Twin Cities Fox gets a fresh new home with flexible lighting effects, venues
The main “in the round” style anchor desk features a circular surface with polygonal “wings.”
In many ways, the design draws on Broadcast Design International’s Set of the Year winning set at KSWB in San Diego, but the Twin Cities look stands out on its own.
BDI notes the goal was to “create as much depth as possible. After exchanging several ideas with the KMSP team, our design has been carefully layered with elements such as frosted glass windows, openings in concrete panels, floating headers, and a long “gallery” of black & white city photos which have several RGB lighting cues. We also developed a far back “control room” and numerous RGB edge-lit panels that continue the sense of depth. These back coves are also serving as excellent venues for reporter briefs and teases.”

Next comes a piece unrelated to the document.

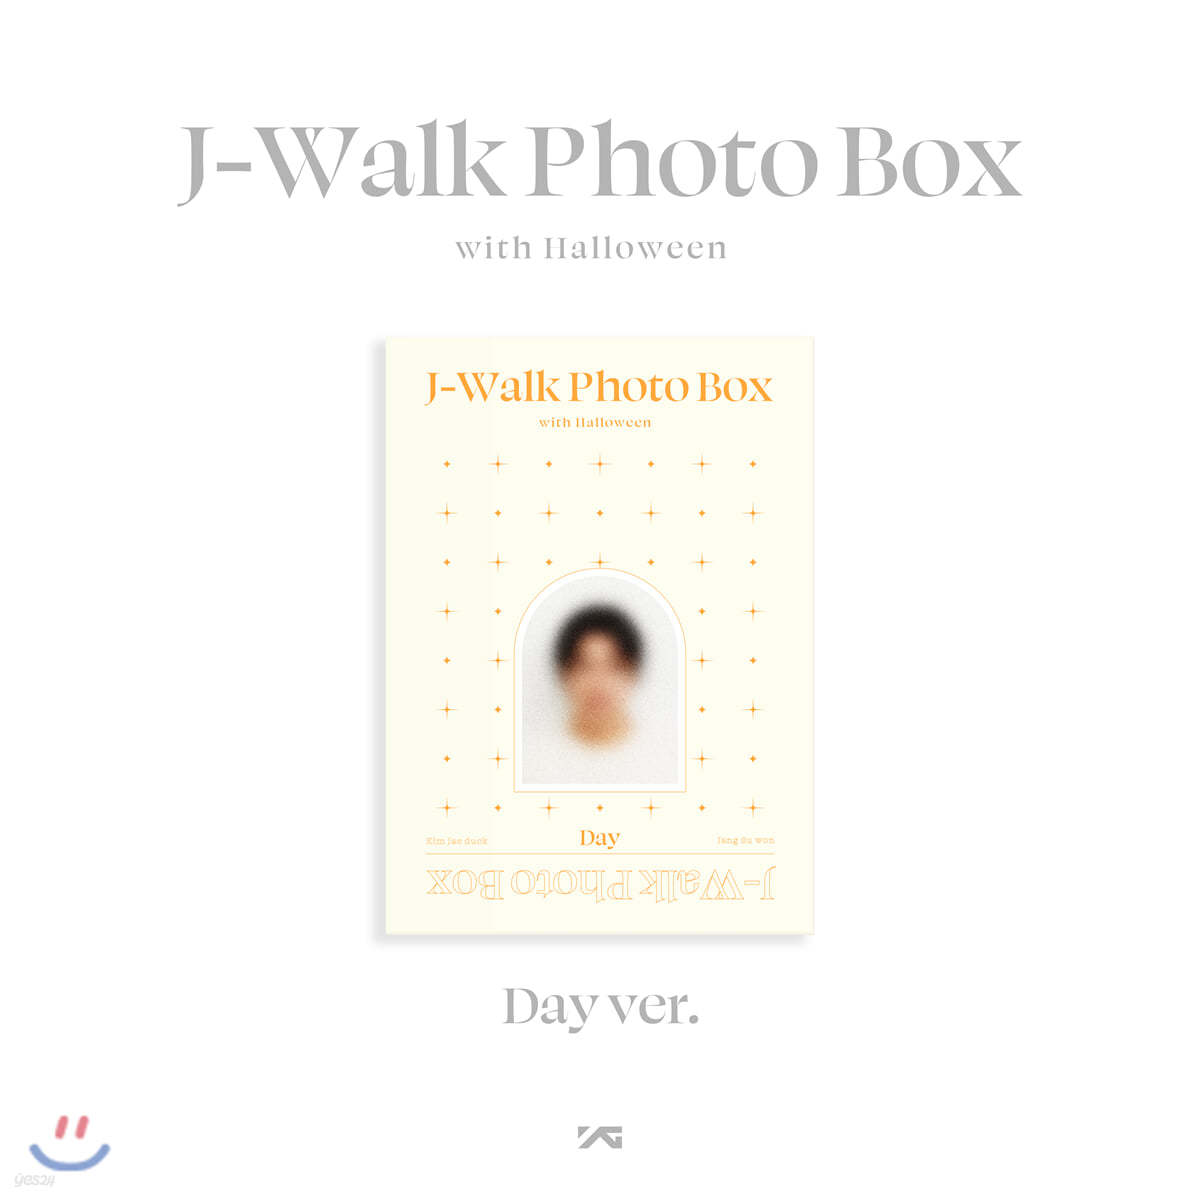 제이워크 (J-WALK) - J-Walk Photo Box with Halloween [DAY ver.]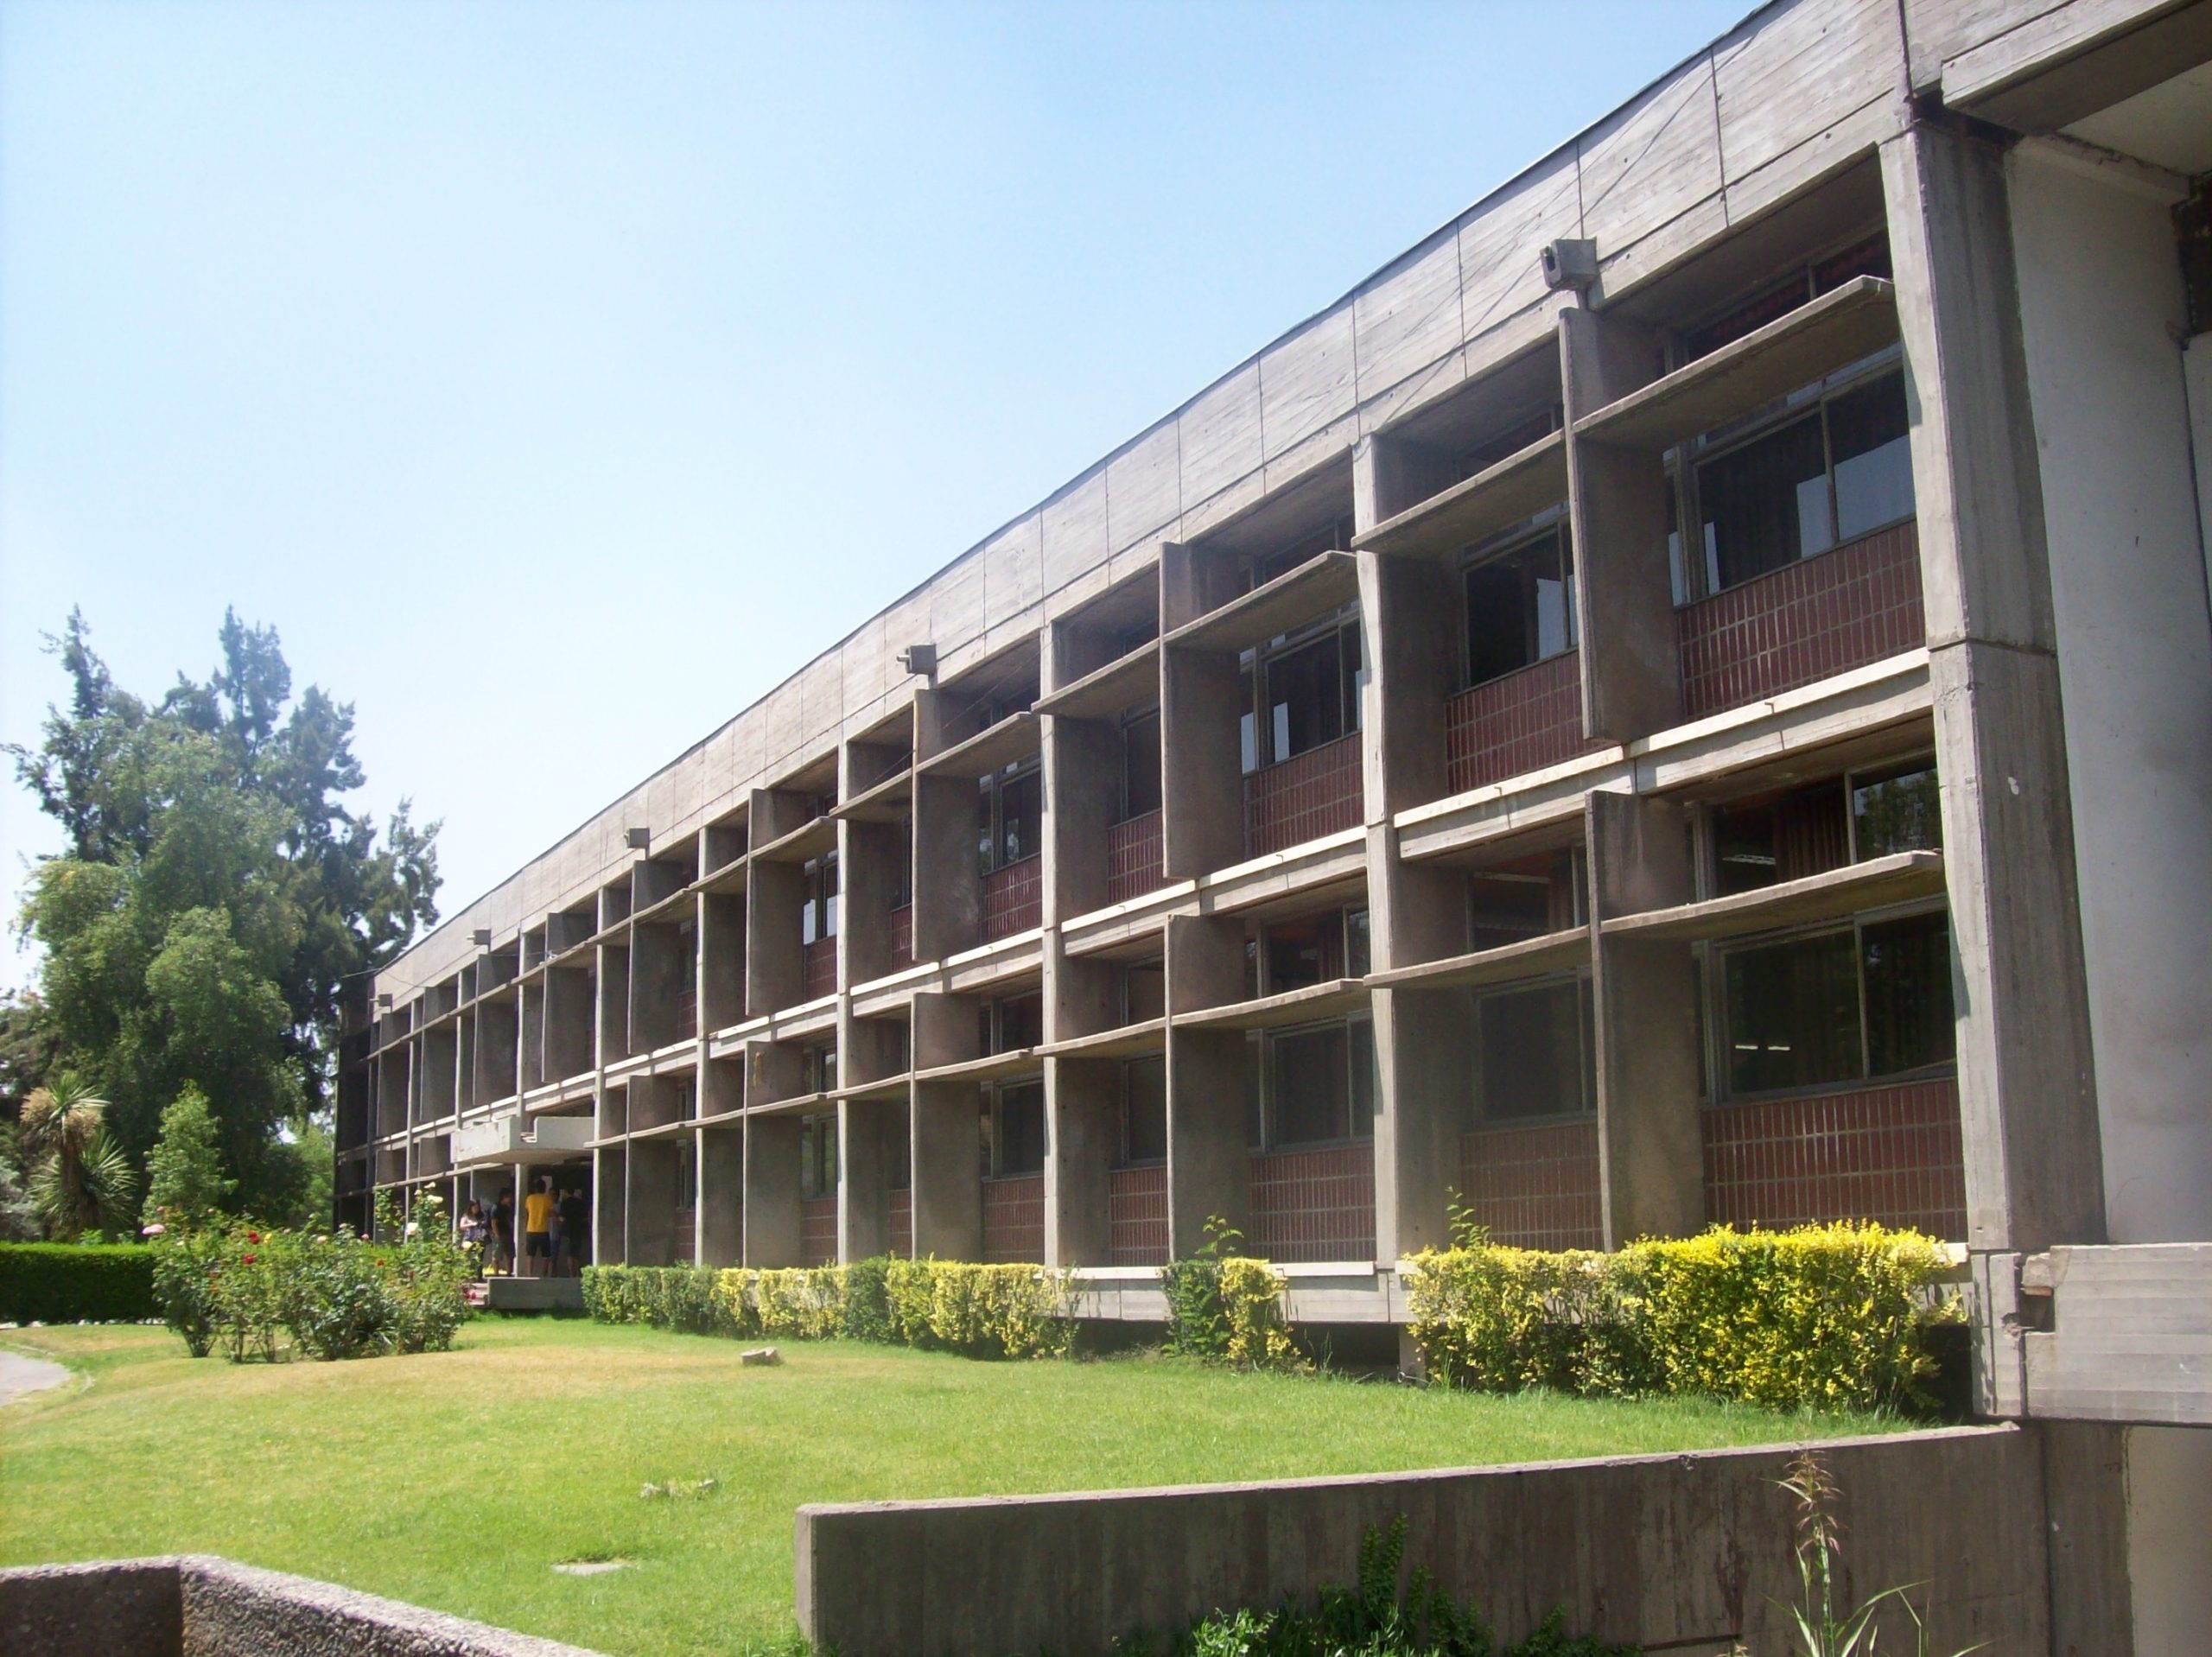 Construcción en hormigón armado Facultad Agronomía Universidad de Chile, 1967

KMSP, which brands as Fox 9, boasts a main background built from a large seamless LED video wall from Neoti, which is moved forward from the faux brick wall behind it and features floor to ceiling frosted panels behind the left half.
An organically curved, concrete header element caps off the video wall and also turns downward to become a wall for a vertical flat panel.
Additional header elements include industrial-inspired faux concrete panels, while the studio’s light brick faux brick is ideally situated to give the space a lighter feel that can be easily adjusted, thanks to cove lighting, into a darker, more sophisticated look.
The set features multiple monochrome printed graphics, including city views on square panels, and larger textured imagery backed with color-changing LED that complements the studio lighting design from Bill Holshevnikoff.
On the left side of the studio, a smaller video wall array framed by backlit graphics can be used for a variety of purposes.
The studio’s main video wall can be used for both a traditional cityscape background or to display topical video or graphics. It can also be shot off axis as a video on video element.
Various talent, including weather and sports team members, can join the anchor desk’s wings for standing debriefs — and the set can also accommodate seated guests for other segments.